It was interesting to hear at a recent meeting that learners were requesting that more resources were available on the VLE. It was apparent that they appreciated that their teachers were placing the resources on the VLE, making them available at a time and place to suit the learner.
This doesn’t surprise me, the lack of activities and resources on an institutional VLE is one area that often comes up in learner feedback. I remember a (fair) few years ago talking to the e-learning people at a large university and they said that 80% of their support calls were from students unable to find their course or resources on the VLE; the reason they couldn’t find them was that they didn’t exist, their lecturer either didn’t have a course on the VLE or hadn’t uploaded any resources.
It’s a simple thing to have a course on the VLE and upload all the resources you use to it, it also supports learners to add extra resources, links to ebooks for example, links to useful websites, RSS feeds from relevant news sites. You could embed YouTube videos, presentations from Slideshare, Prezis and so on.

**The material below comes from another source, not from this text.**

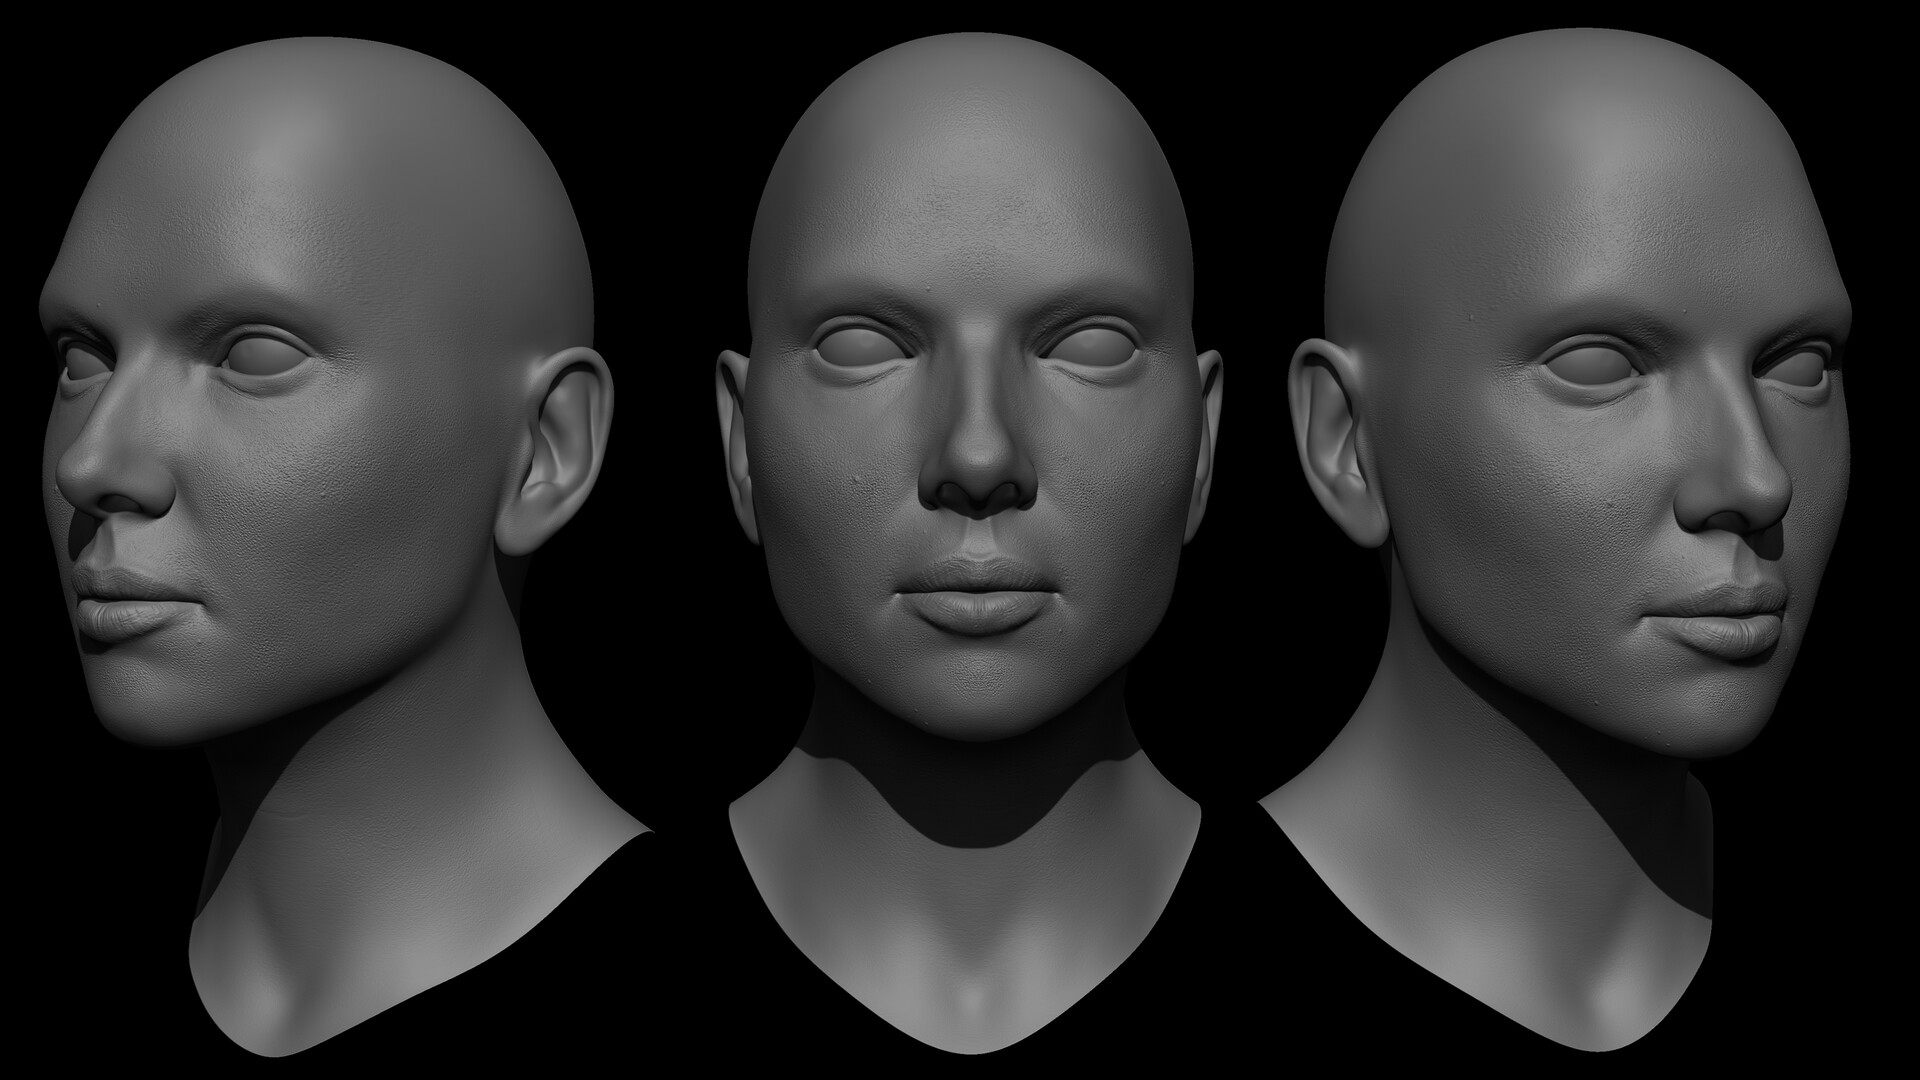 female face reference front and side

It’s also an opportunity to add further resources, to inspire learners, stretch them, add challenges, embed maths and English
Of course there is a “danger” that if you only upload resources to the VLE that it becomes just a repository of files, and the inevitable scroll of death. I do think that you should think of this “stage of VLE development” as the initial stage, the first stage, the start of the journey that will end with a VLE course that is engaging, interactive and a really useful tool for learning.